Remember When Grassley and Ernst Blocked an Equal Pay Bill?

Photos by Starting Line Staff

March 15 marks National Equal Pay Day in America—the date that symbolizes how far into the calendar year women must work in order to earn what men earned in the previous year. While Equal Pay Day arrived earlier than it has in its 26-year history—a sign that progress is being made in pay fairness—the average woman working full-time still makes 83 cents to a typical man’s dollar.

Last year, Congress tried to do more to cement equal pay into law, but Senate Republicans, including Iowa’s Chuck Grassley and Joni Ernst, blocked the Paycheck Fairness Act from even being debated.

Grassley and Ernst never gave a reason for it, but Grassley did the same thing in 2010. That time, it was only two votes short of the necessary votes to allow it on the Senate floor.

The Paycheck Fairness Act would have increased the penalties for paying people differently based on sex and gender identity, as well as pregnancy and sexual orientation.

Though the Equal Pay Act of 1963 made it illegal for employers to pay women less for substantially equal work, gender-based wage discrimination still exists because of holes or places where the Equal Pay Act doesn’t go far enough. (The disparity for women of color actually increased recently compared to their white male counterparts.)

The Paycheck Fairness Act would cover those with increased penalties and stronger oversight. Those measures would put wage discrimination based on gender on the same level of severity as wage discrimination based on race or ethnicity.

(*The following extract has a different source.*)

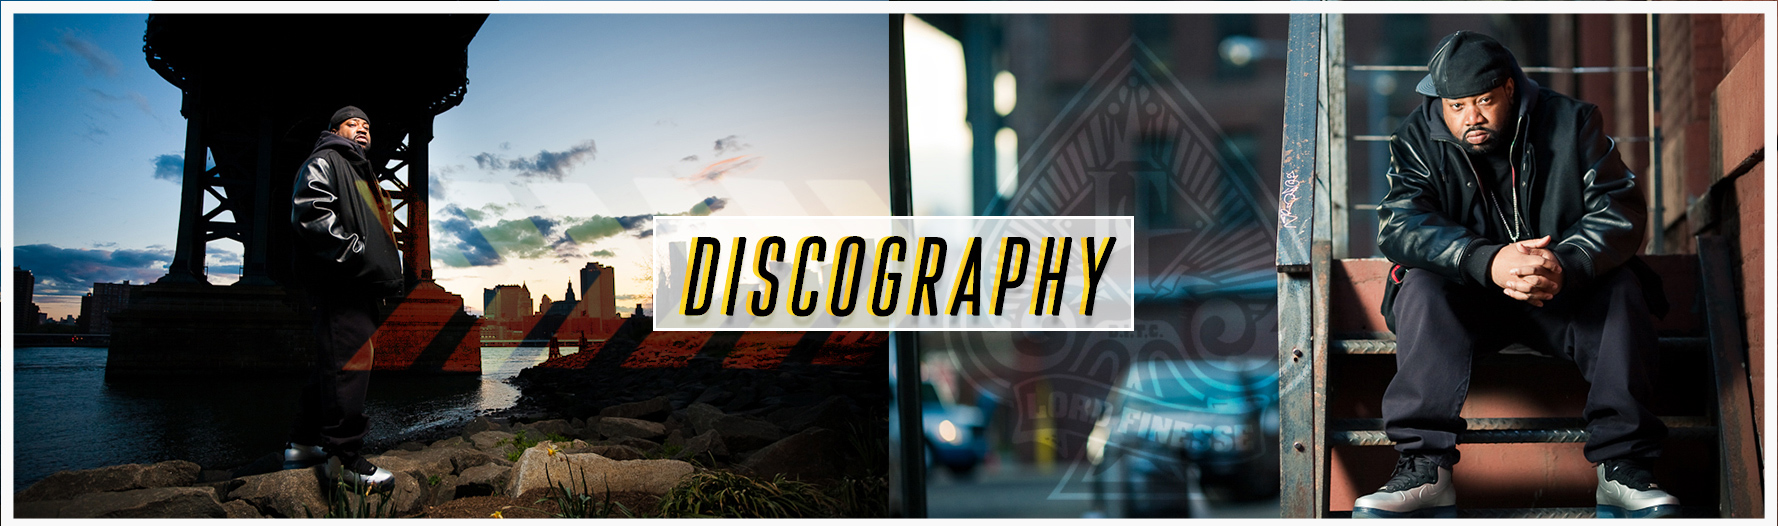 Discography-header1

The existing law also has a defense for “factors other than sex” but the Paycheck Fairness Act would clarify those can only be a genuine job-related factor such as education, training or experience. It also says those factors won’t count if the employer didn’t try another strategy for the business that would have kept pay equal.

Importantly, the Paycheck Fairness Act would prohibit retaliation against employees who share information about their salaries, or who ask about others’.